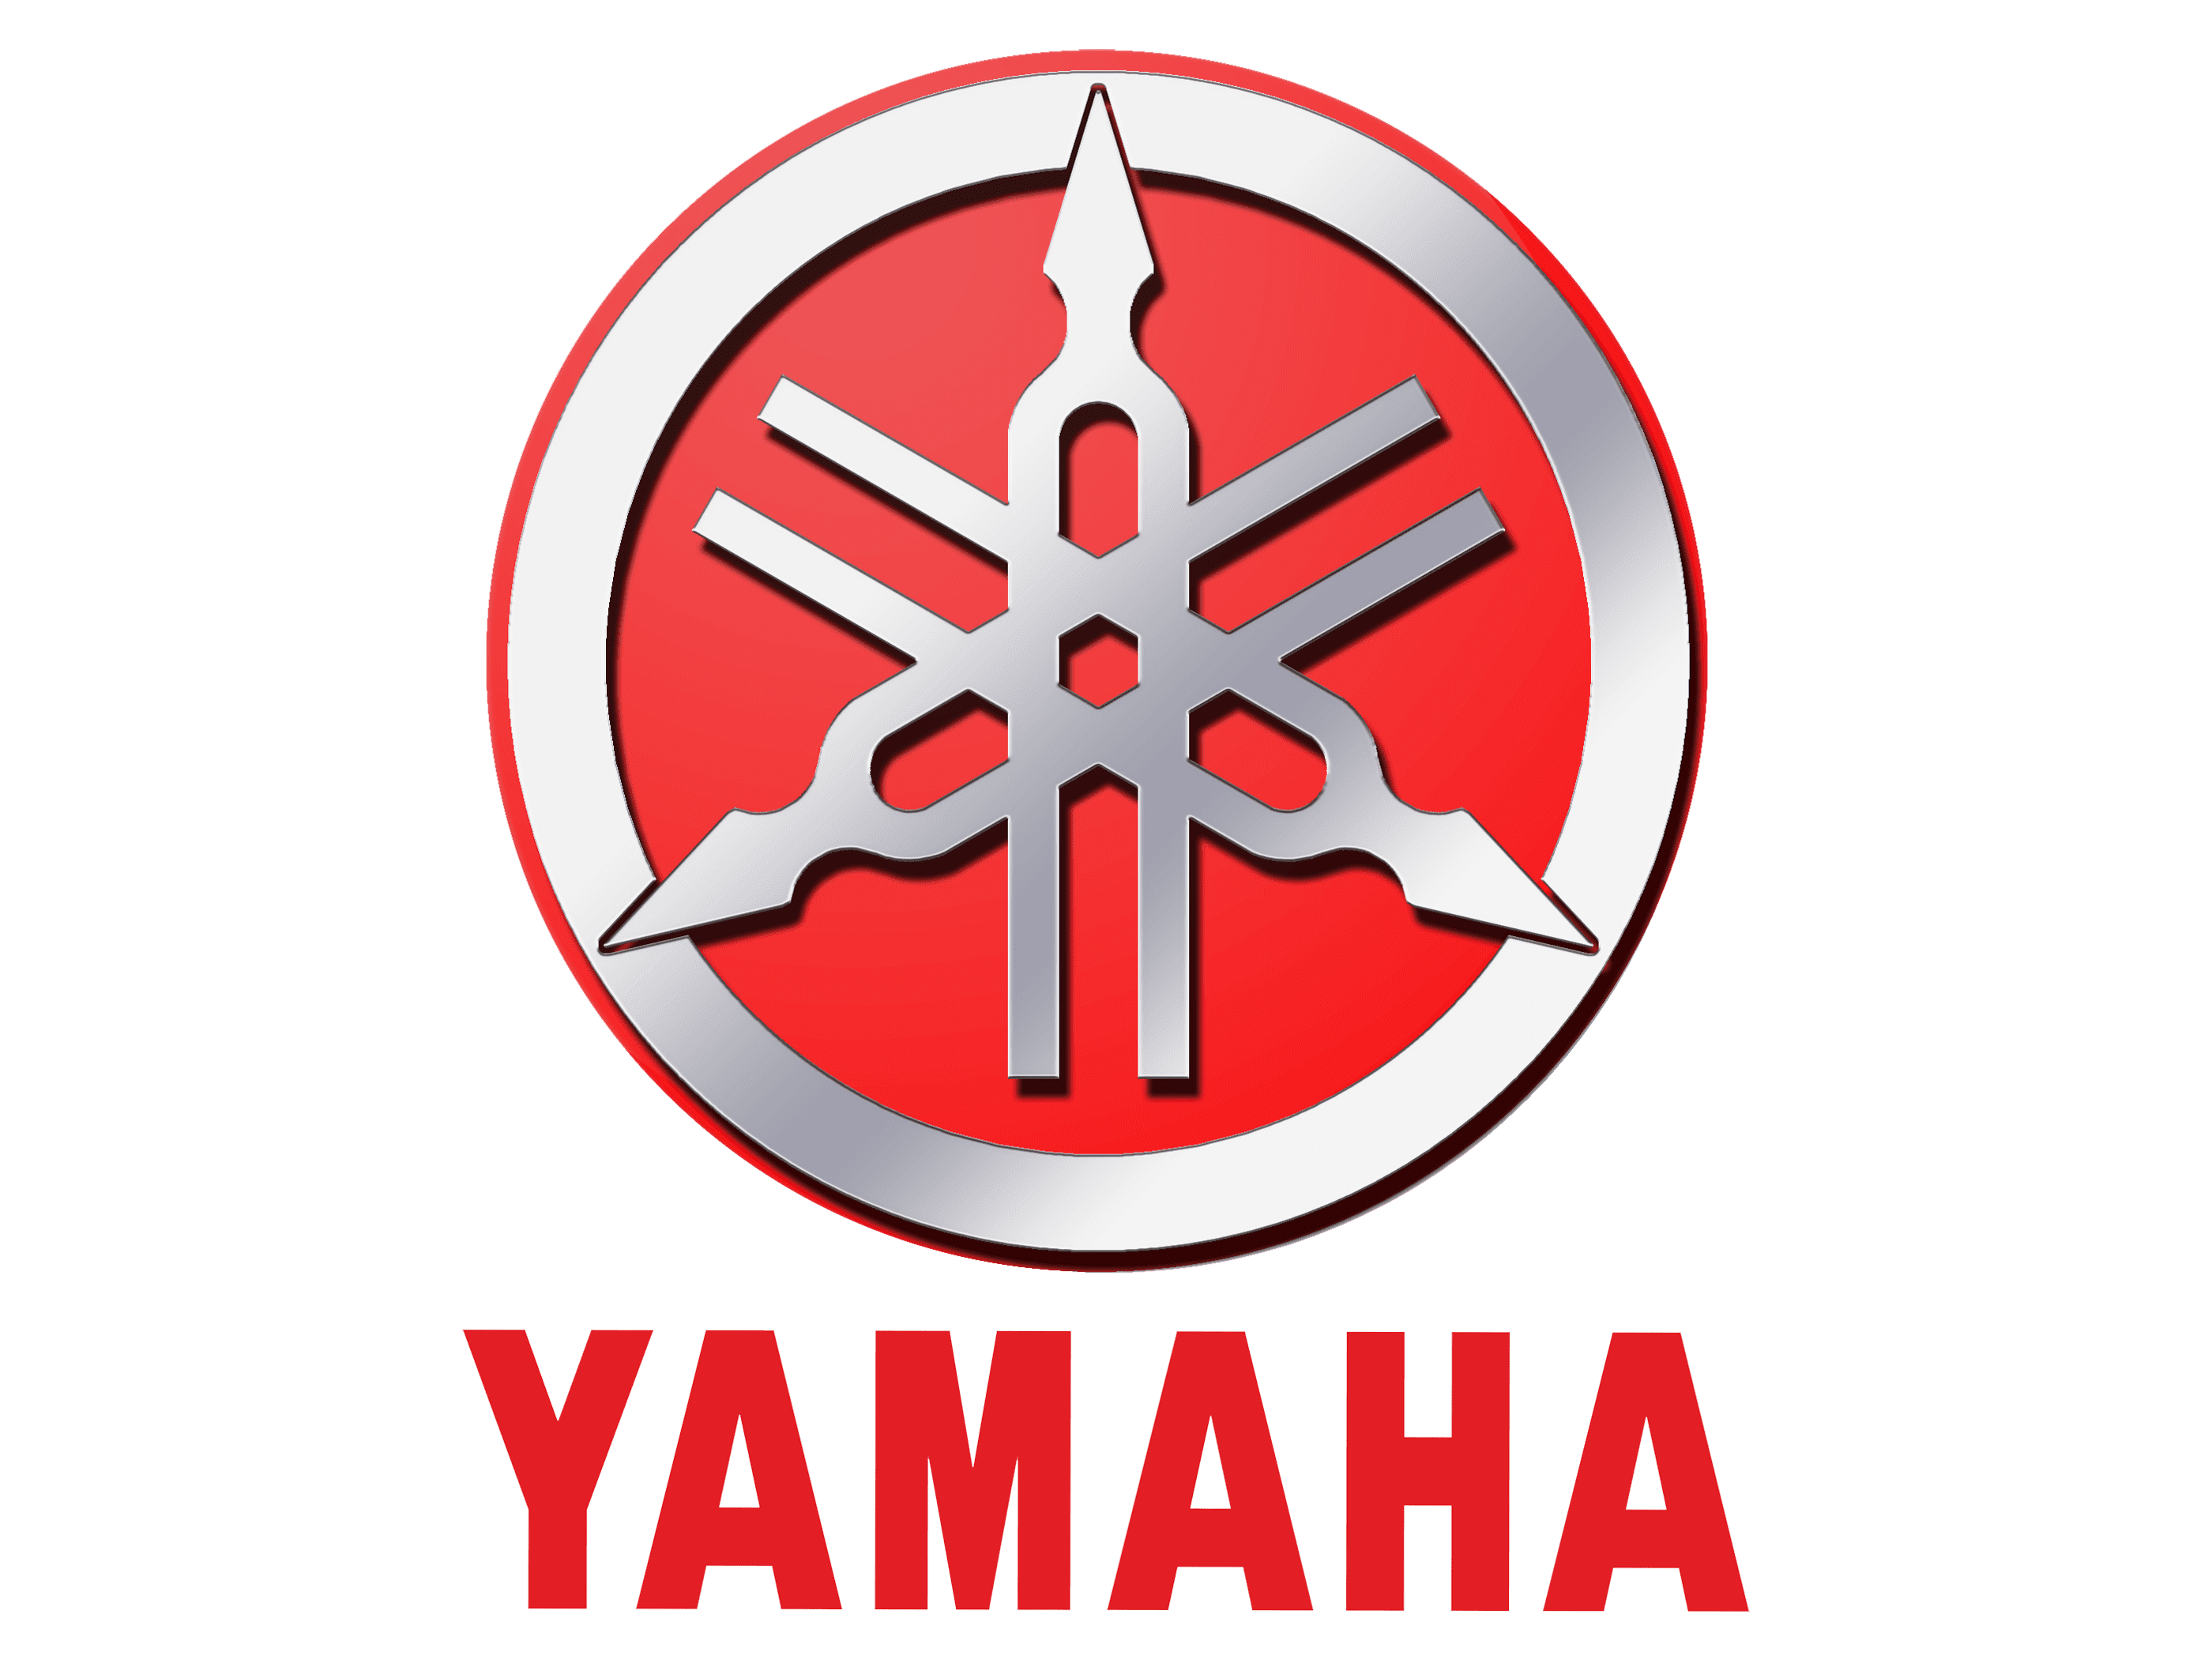 Yamaha Logo Meaning And History Yamaha Symbol
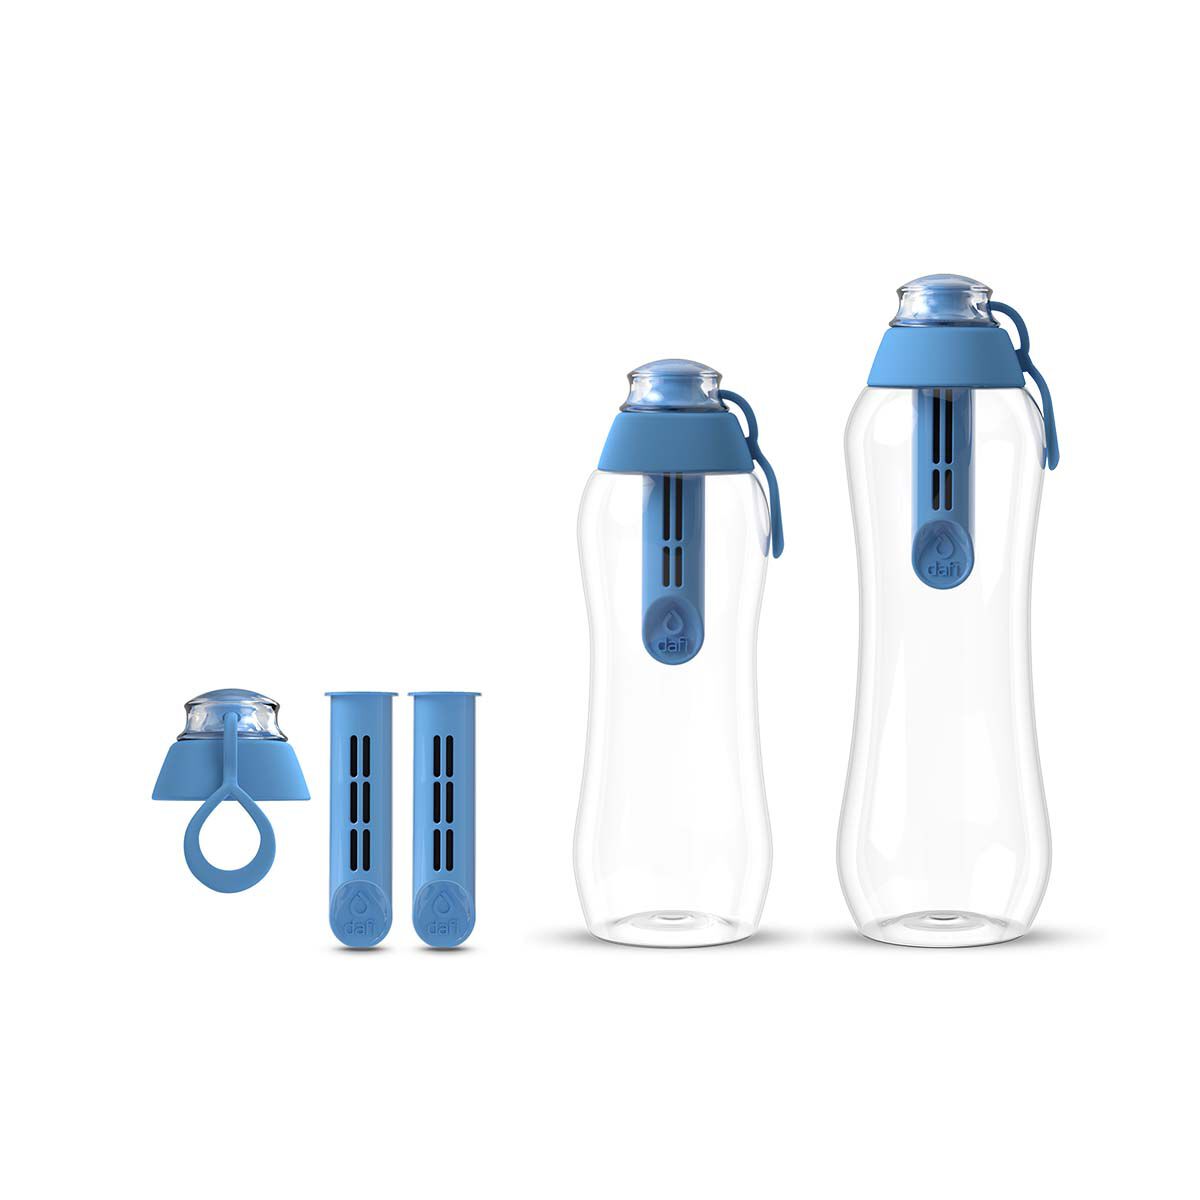 цена Набор из бутылок с угольным фильтром Dafi Soft, 5 предметов, синий
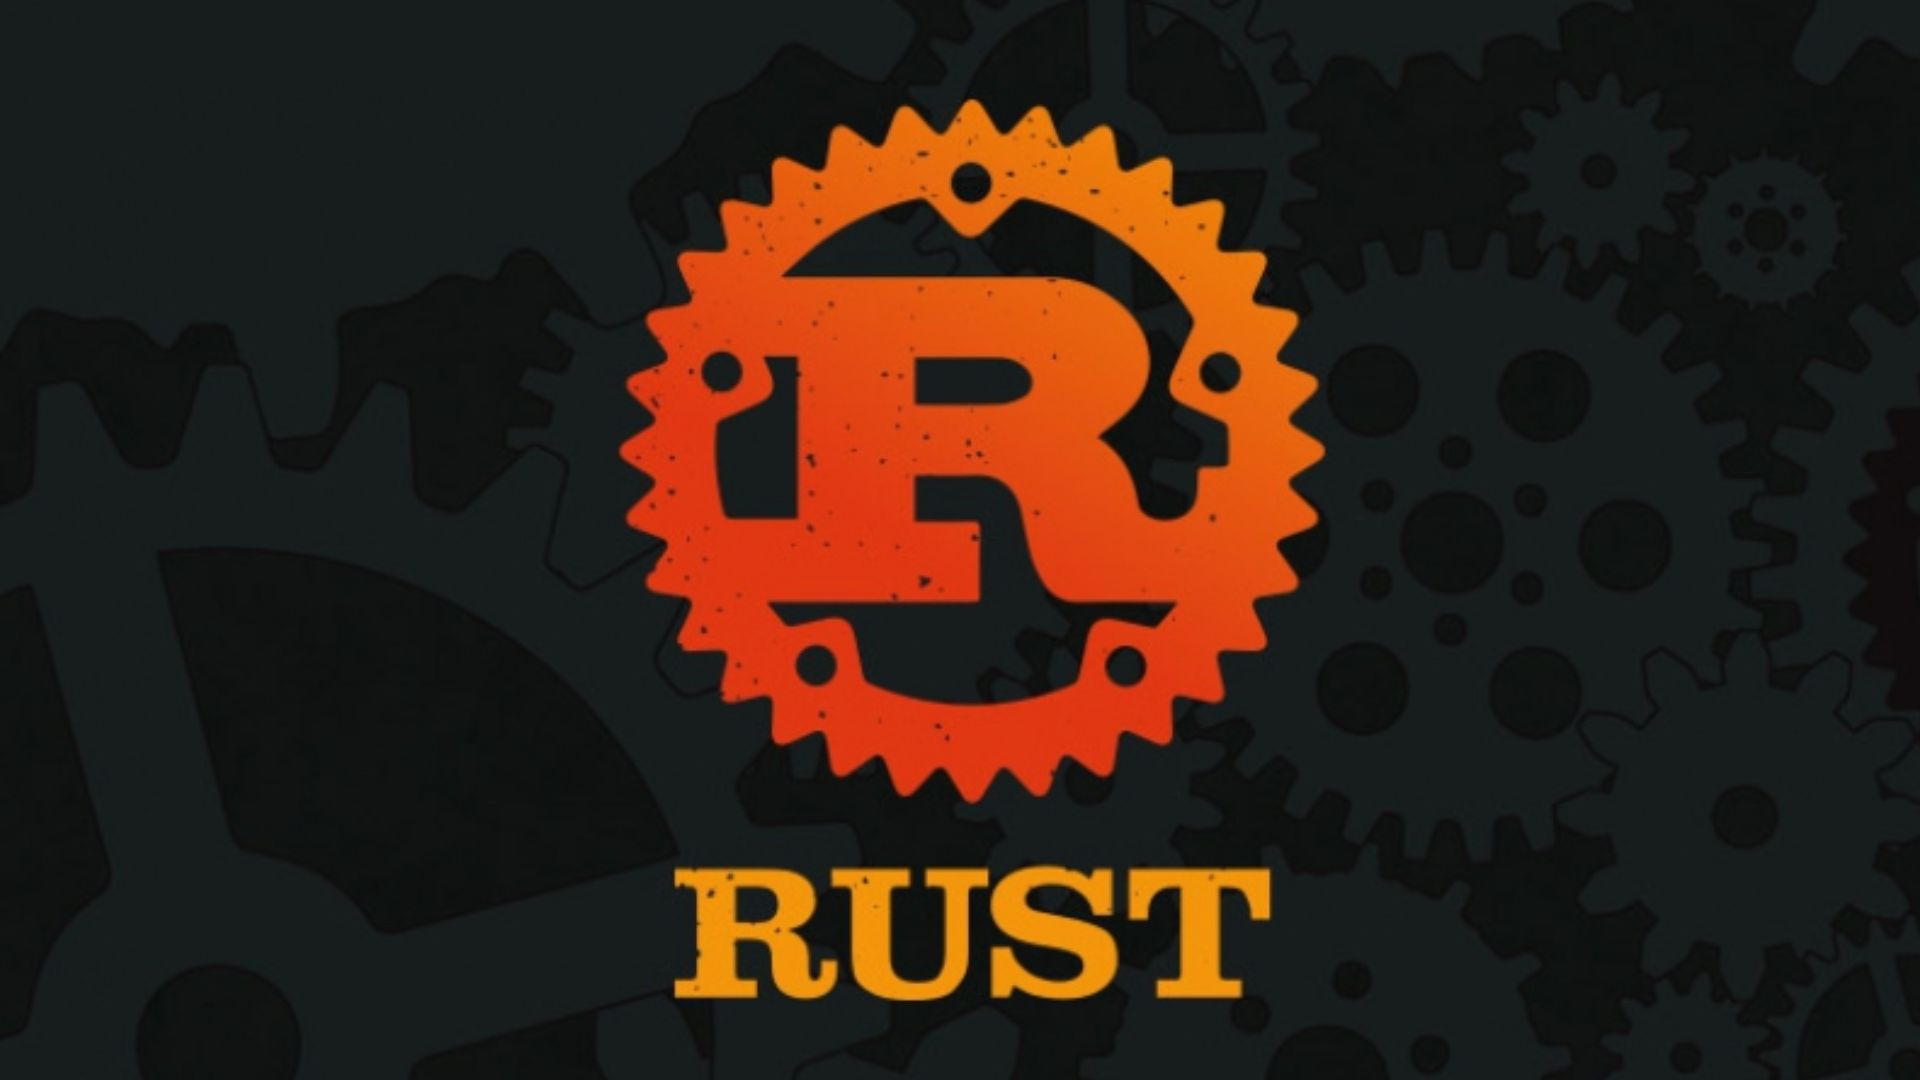  Rust được sáng tạo vào năm 2006 bởi Graydon Hoarer tại Mozilla

• YOUR GOAL: Repeat all the material exactly, but keep pictures out of the copy.

• RESPONSE TO THE EXERCISE:
 Yamaha Logo Meaning And History Yamaha Symbol
 цена Набор из бутылок с угольным фильтром Dafi Soft, 5 предметов, синий
  Rust được sáng tạo vào năm 2006 bởi Graydon Hoarer tại Mozilla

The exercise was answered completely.